In the data below, find the line containing "Clear Transparent Business" and the line containing "Butterfly - EMBROIDERY", then reproduce them and every line between, exactly. Omit pictures.

===== RECORDED INFORMATION =====

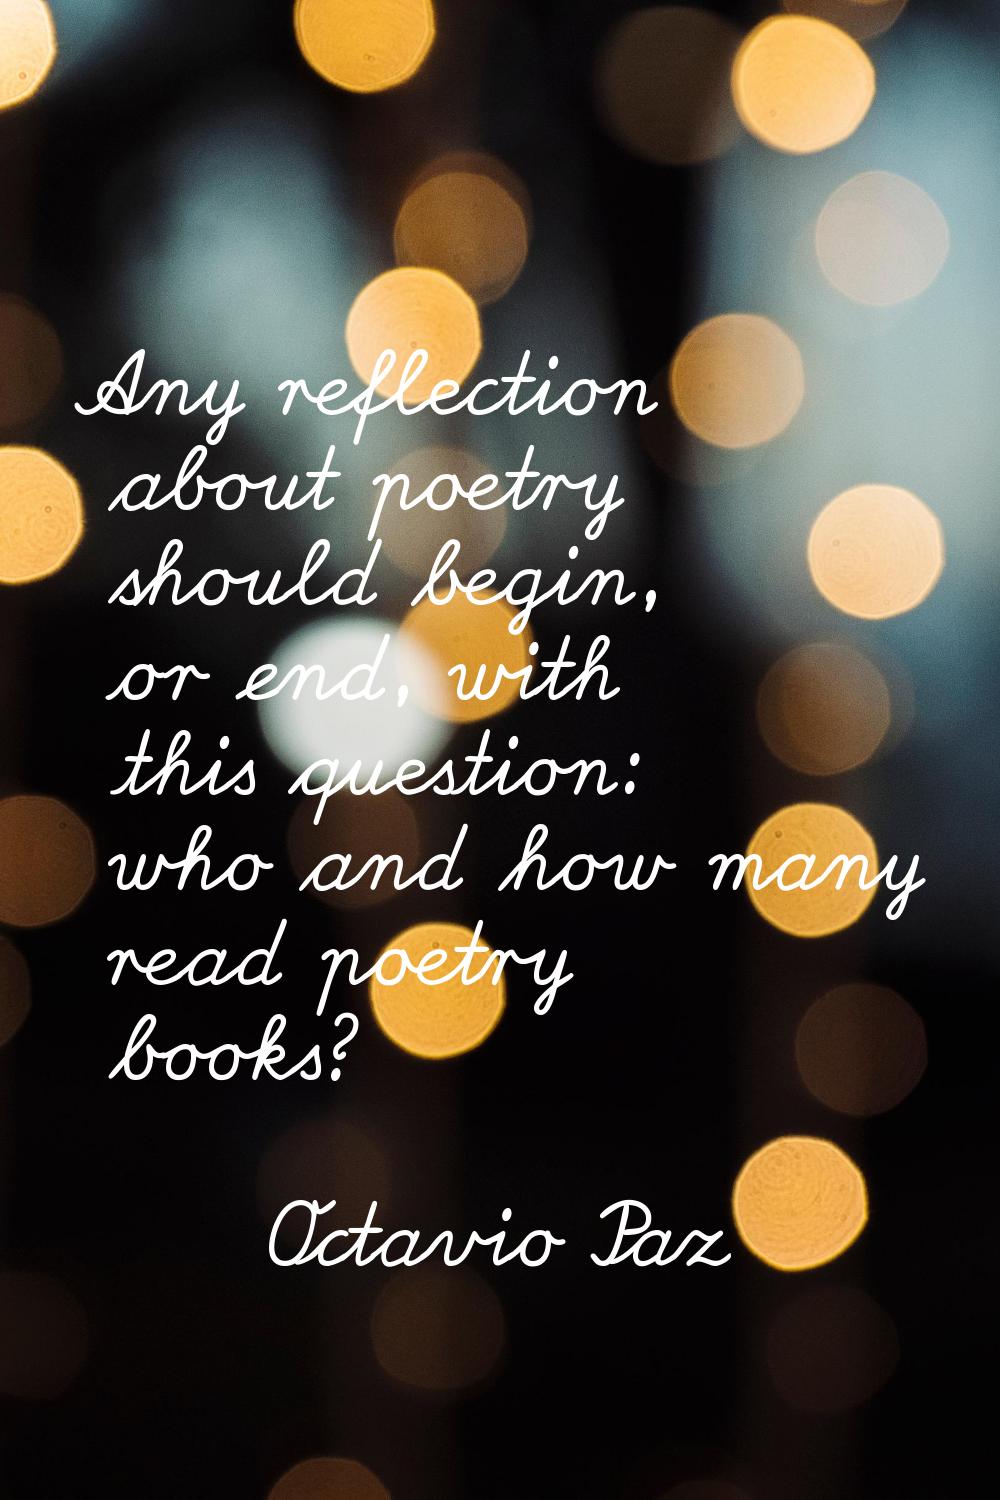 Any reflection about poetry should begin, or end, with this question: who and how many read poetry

=====
===== RECORDED INFORMATION =====

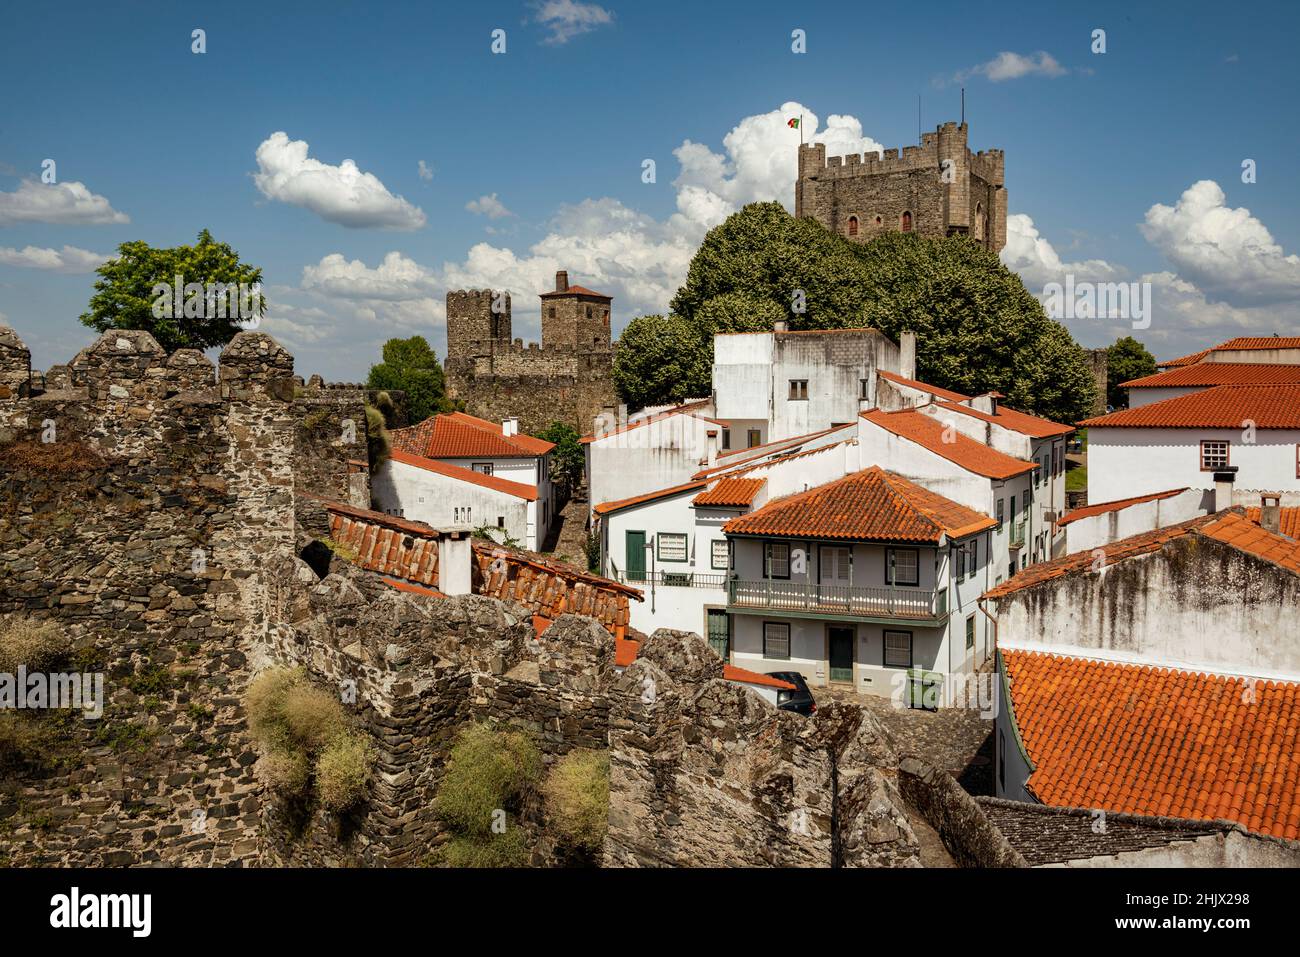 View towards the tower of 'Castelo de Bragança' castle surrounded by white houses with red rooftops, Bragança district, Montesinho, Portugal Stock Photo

=====
===== RECORDED INFORMATION =====

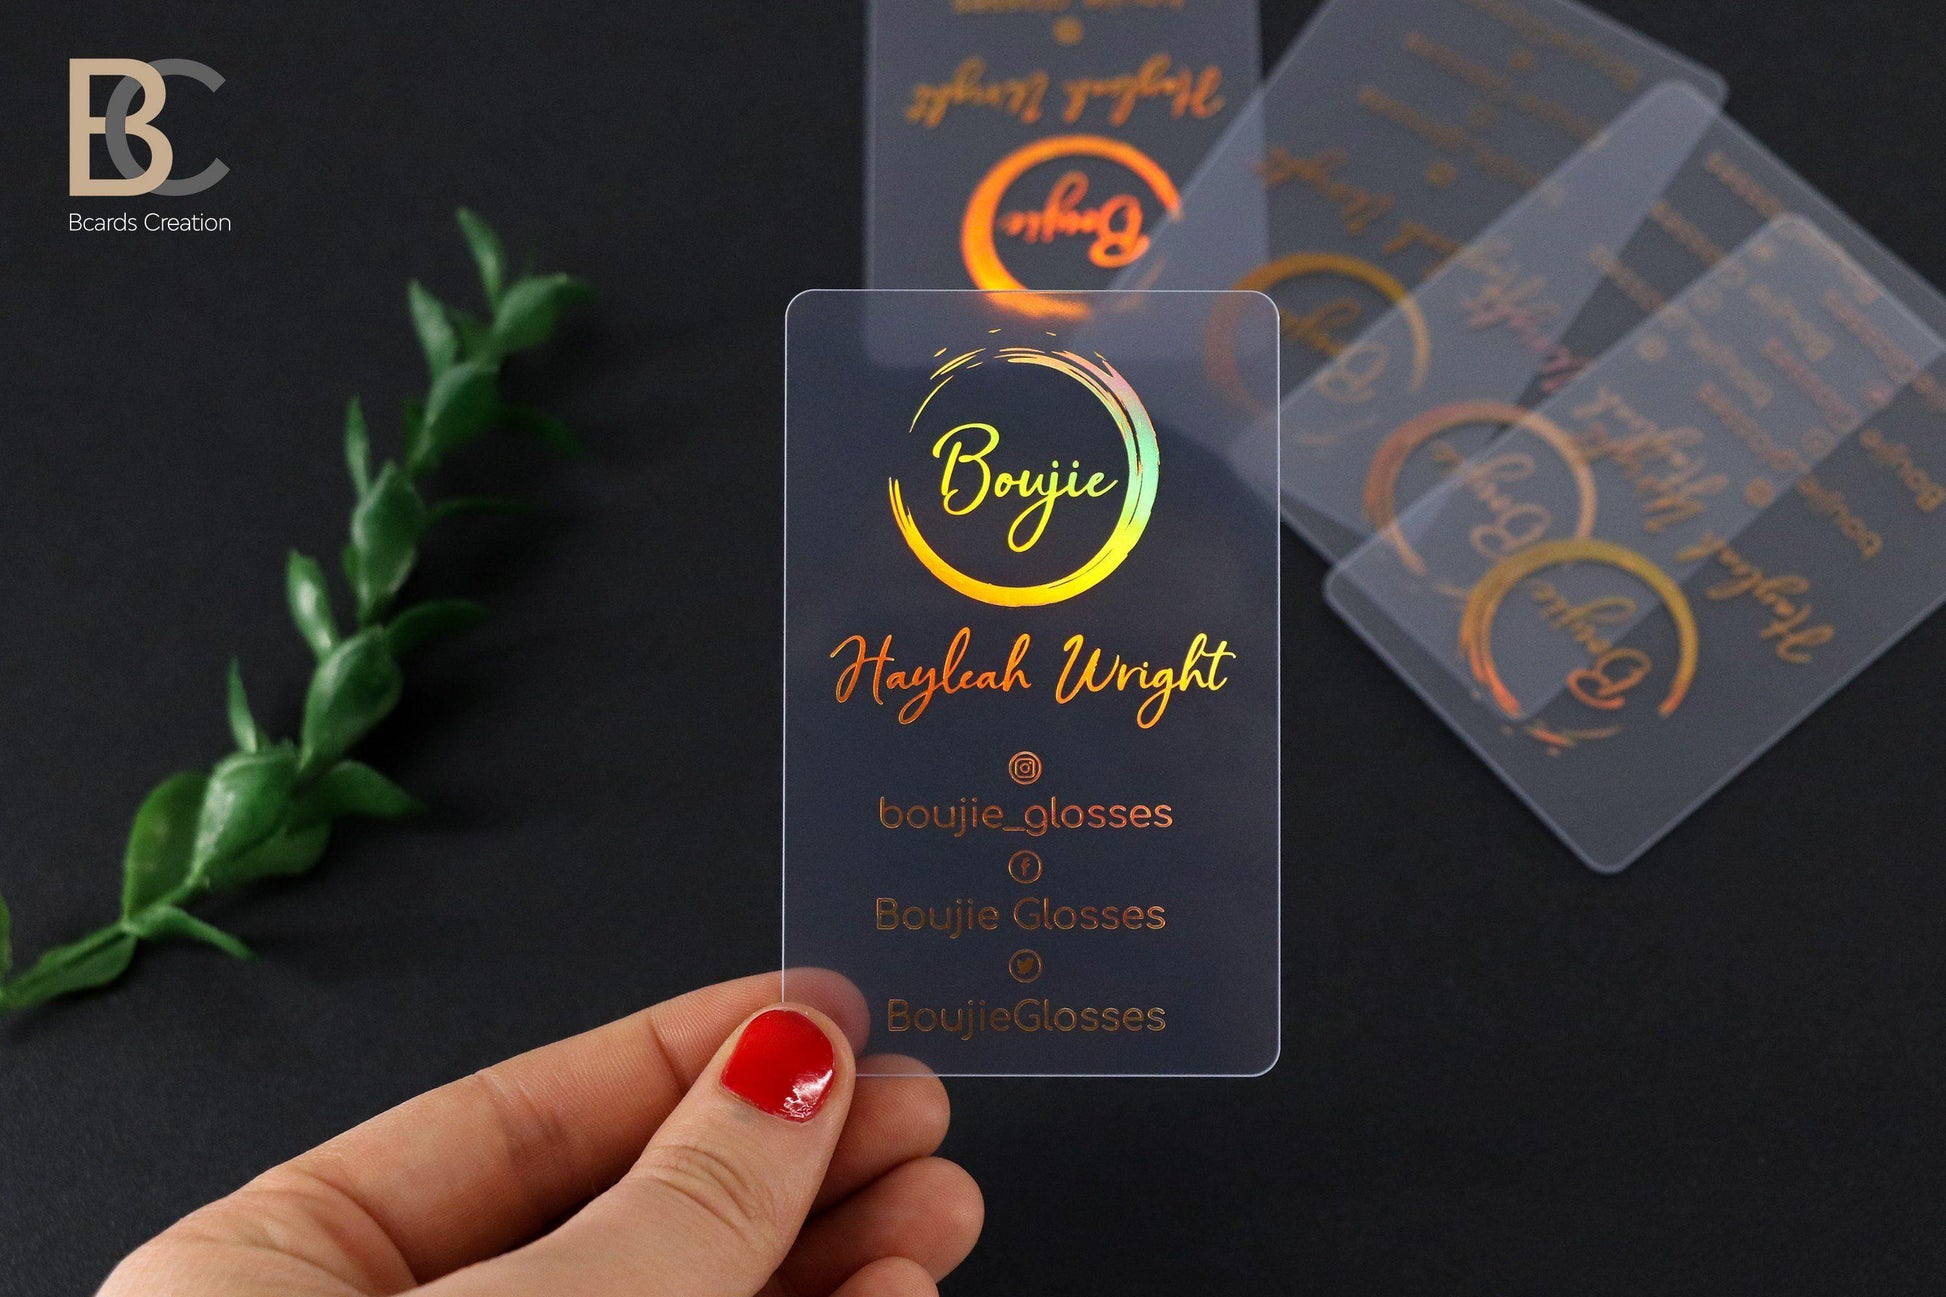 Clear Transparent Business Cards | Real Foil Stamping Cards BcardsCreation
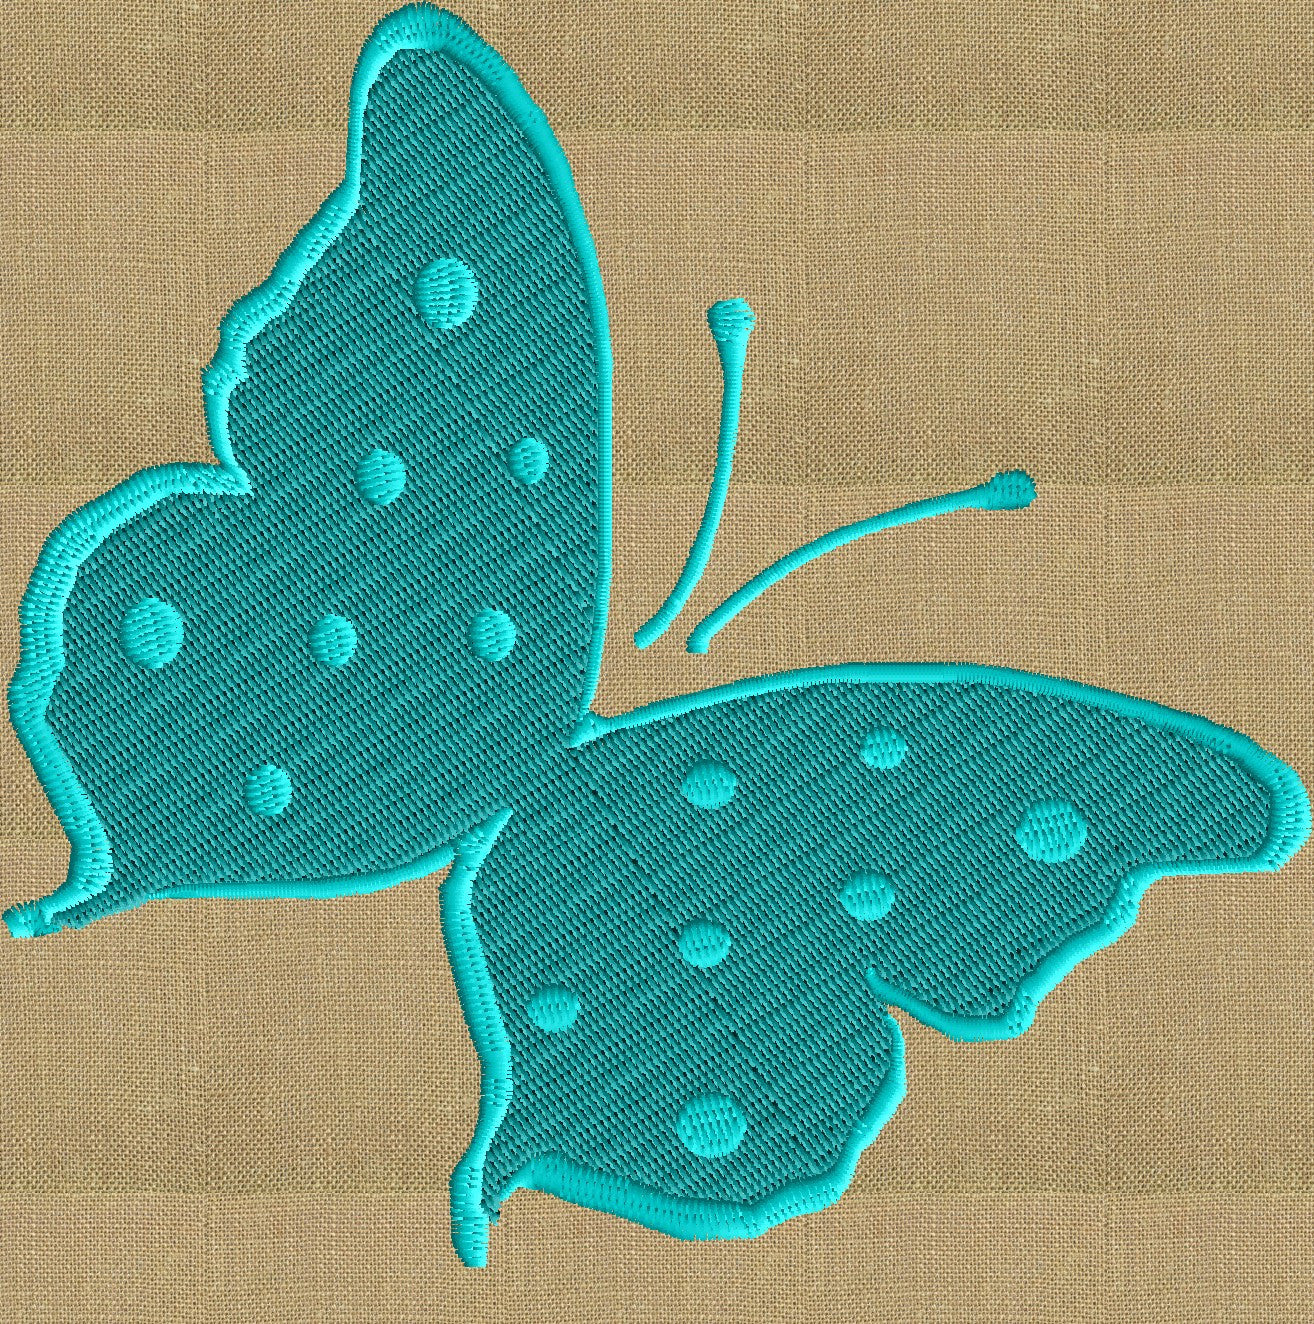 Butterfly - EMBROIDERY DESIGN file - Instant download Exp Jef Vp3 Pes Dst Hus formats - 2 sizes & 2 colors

=====

- RESULT OF THIS TASK -
 Clear Transparent Business Cards | Real Foil Stamping Cards BcardsCreation
 Butterfly - EMBROIDERY DESIGN file - Instant download Exp Jef Vp3 Pes Dst Hus formats - 2 sizes & 2 colors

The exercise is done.